I
think I mentioned a couple of months back that October was going to be the
month to end all months. By that I mean, that October was going to be the month
where I accomplished everything needing accomplishing. I’m ashamed to say that
things are looking a little bleak. Now, that’s not to say that I haven’t
managed to accomplish anything. I have managed to qualify for the final round
of interviews for Teach for America. I have not, however, managed to start an
application for IU’S Higher Education Master’s program. I have not managed to
finish my application for Vanderbilt University. I haven’t even started an
application for the A.C.E teaching fellowship, and I still don’t know if I’ve
completely abandoned the idea of going for a P.HD in English Literature.

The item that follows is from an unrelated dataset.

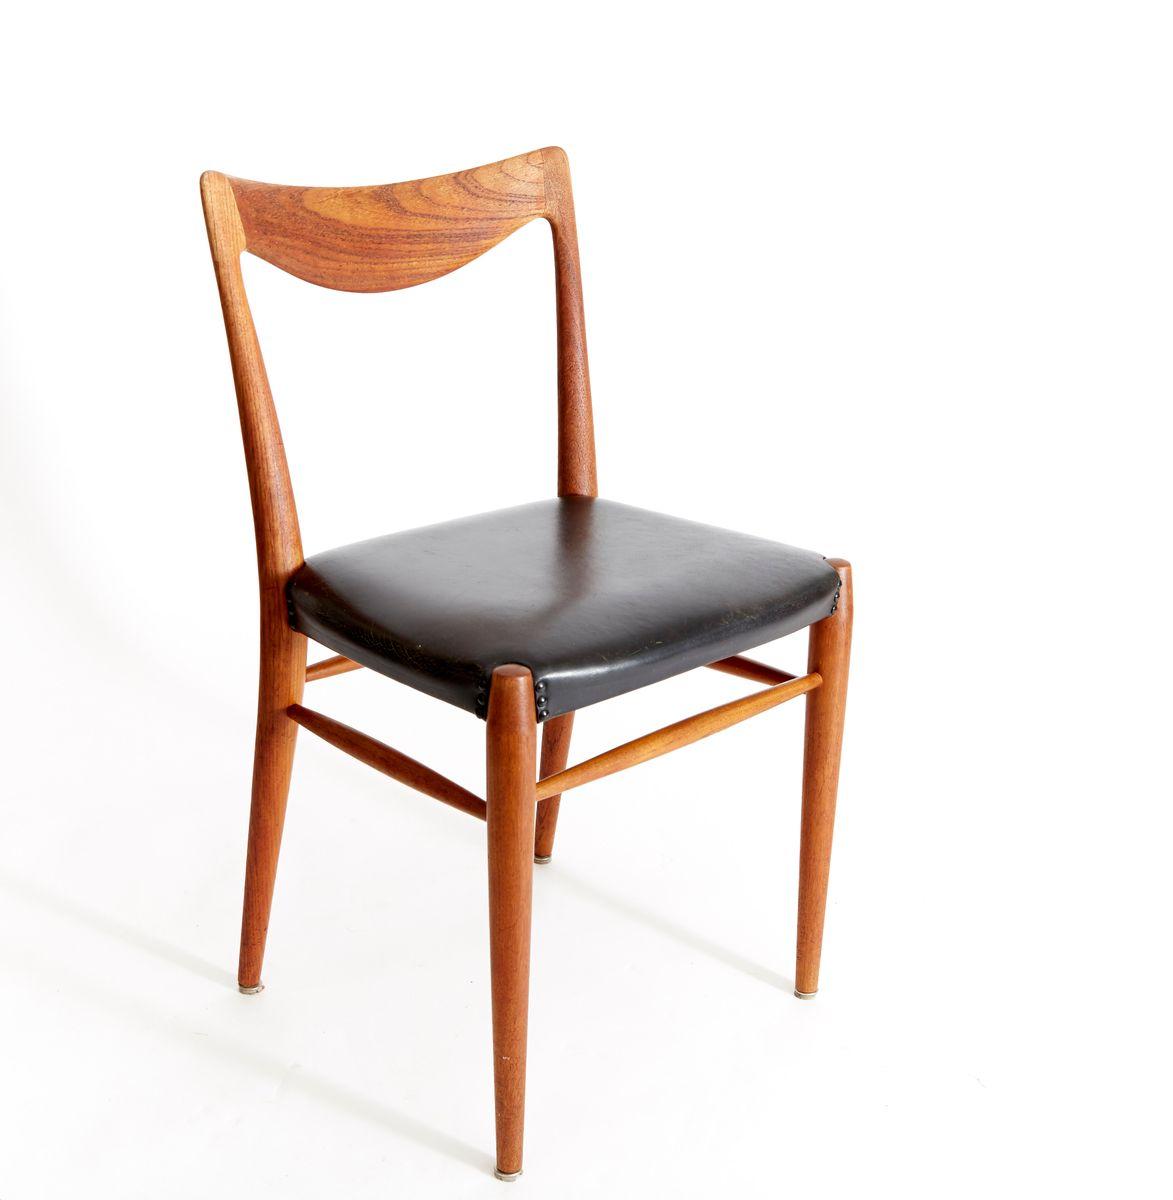 vintage bambi teak esszimmer st hle von rolf rastad adolf relling f r gustav bahus 4er set. Black Bedroom Furniture Sets. Home Design Ideas
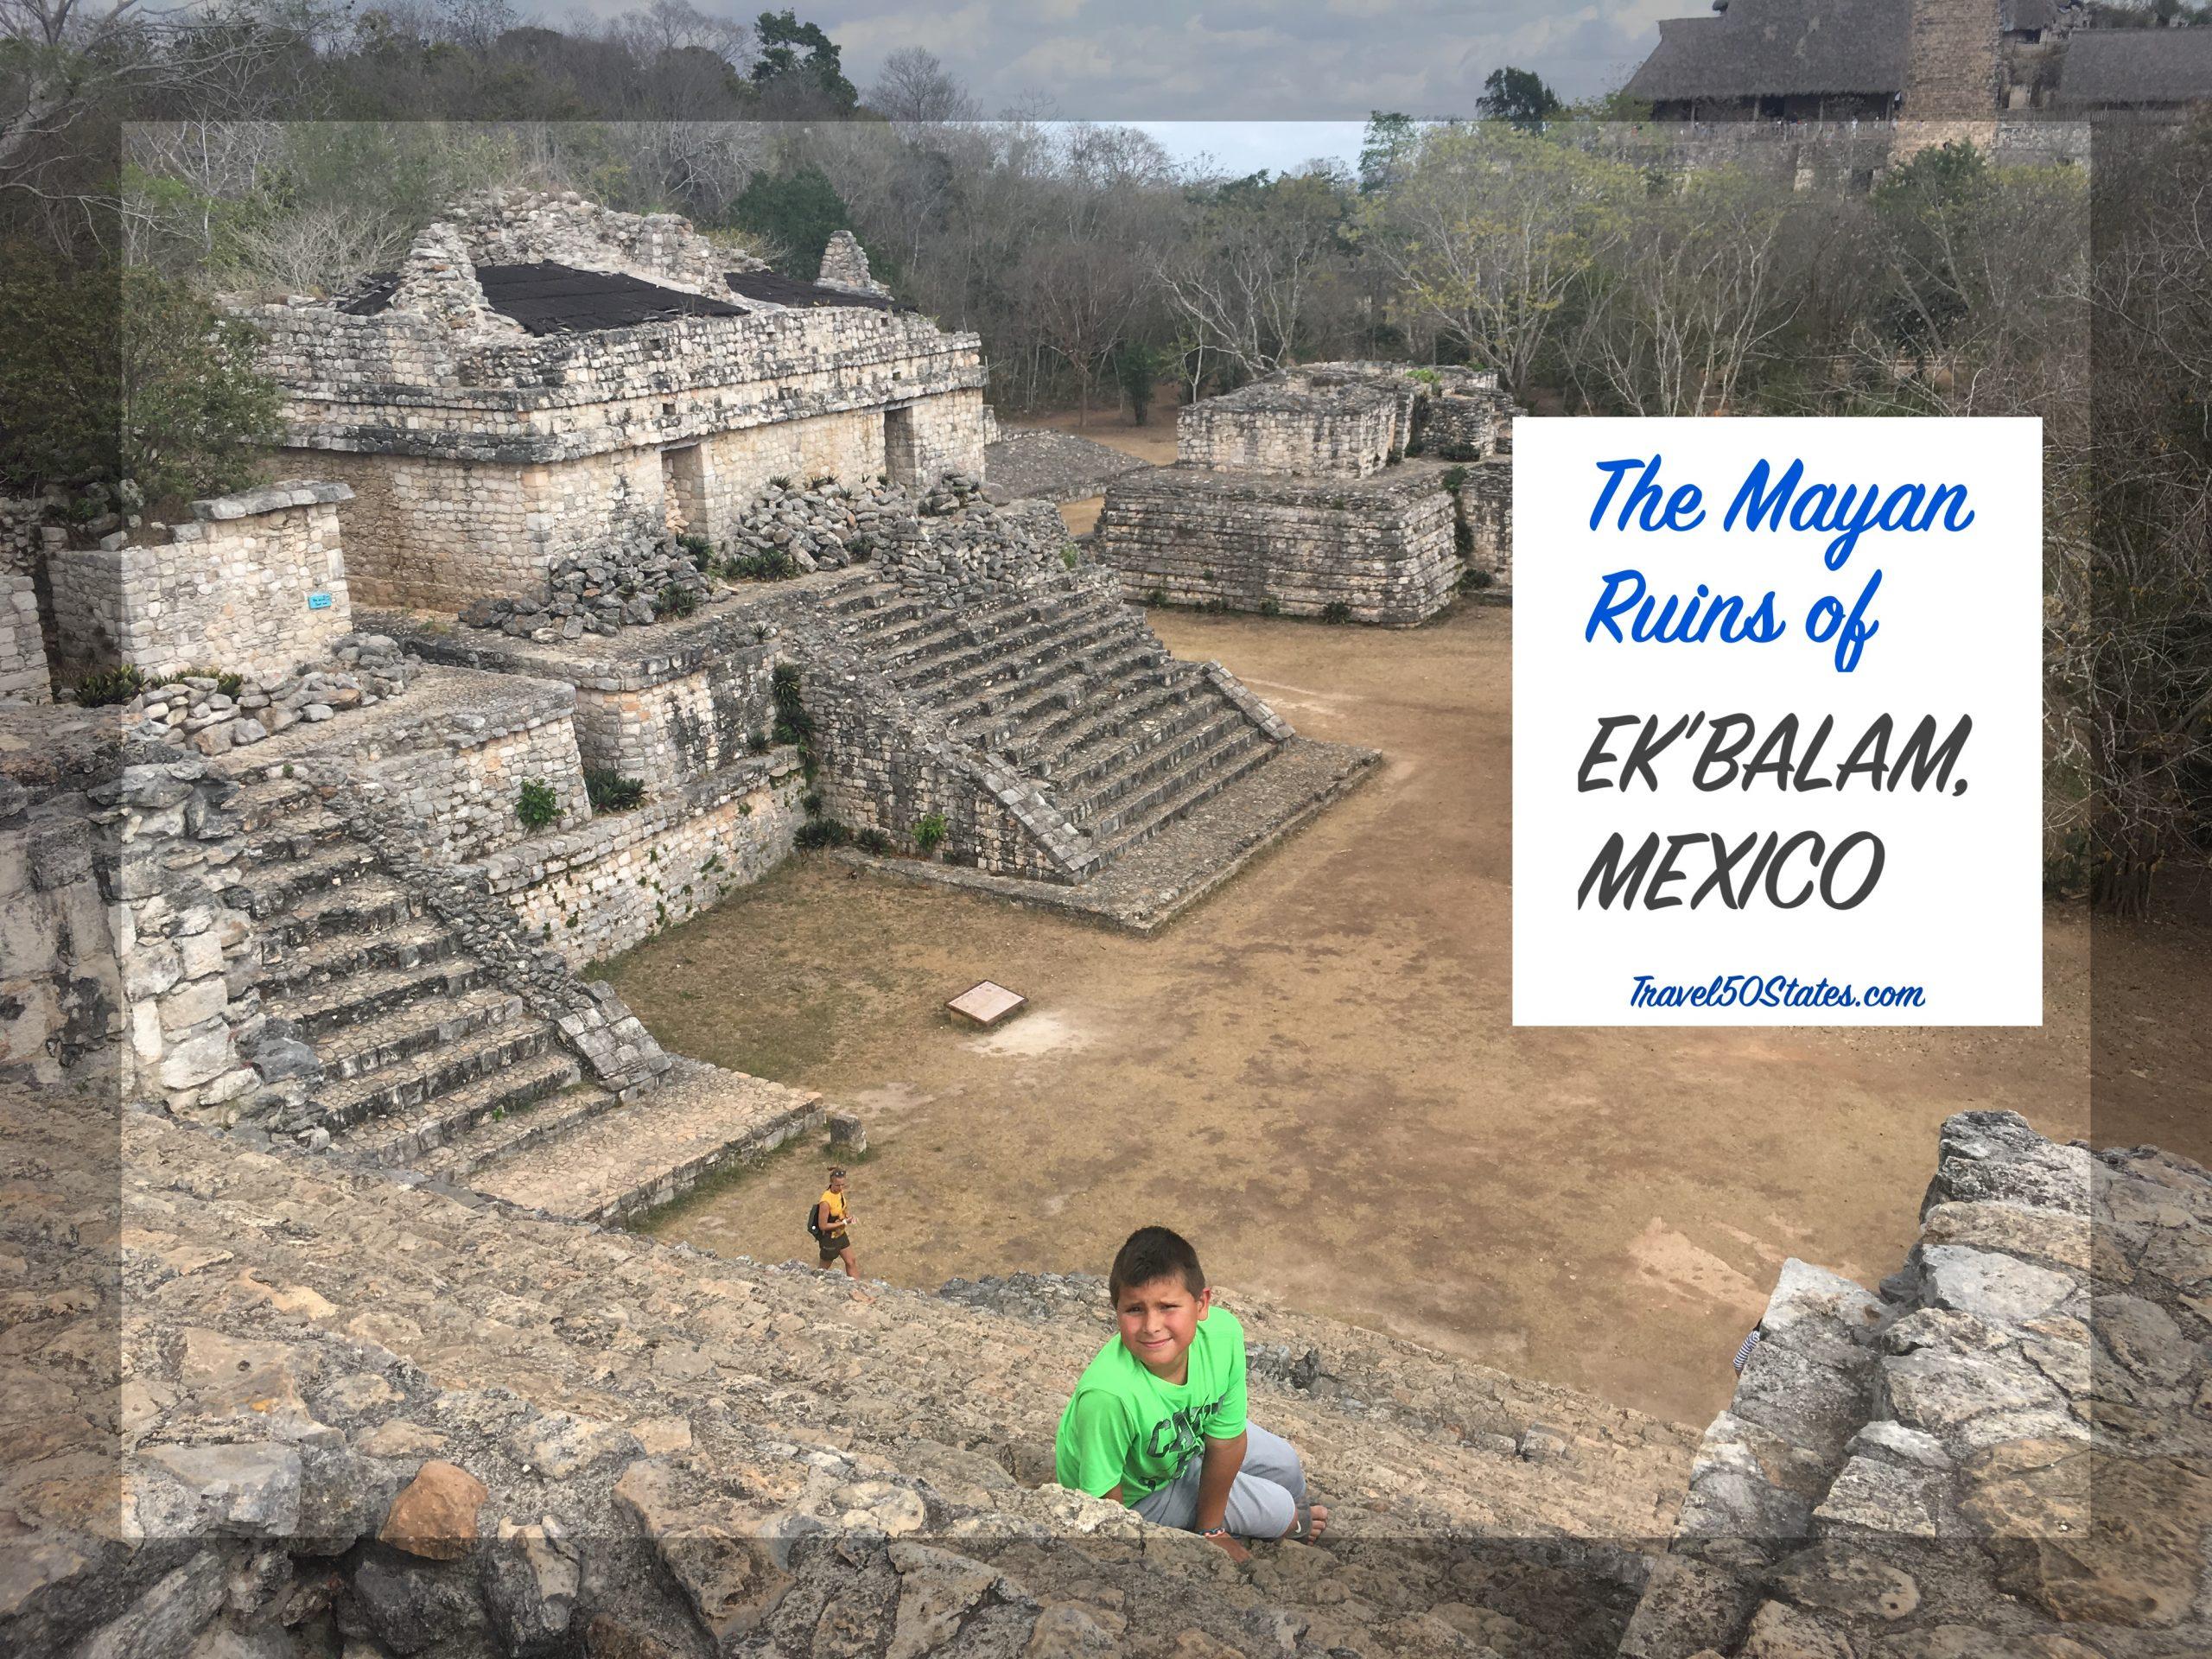 The Mayan Ruins of Ek'Balam, Mexico

What’s strange is that for a second I thought I had figured it all out. I was
convinced that if I got the job with Teach for America, I would take it and
start my “adult” life. I would change lives. I would stand on top of students’
desks and passionately recite the poetry of Keats, Byron, and Coleridge. Those
ideals seem to fade into the background as reality begins to inch closer and
closer. Maybe it would be best to teach those who are already as passionate
about literature as I am. And, who’s to say that I would even be able to handle
the reading and writing that comes with graduate work in the humanities? I
don’t have much more time to think things over. Maybe I won’t get the job with
Teach for America. In fact, it’s statistically more likely that I won’t.
Who knows? Maybe that will force to make a decision. Wish me the best of luck.
I’ve got a lot of deliberating left to do.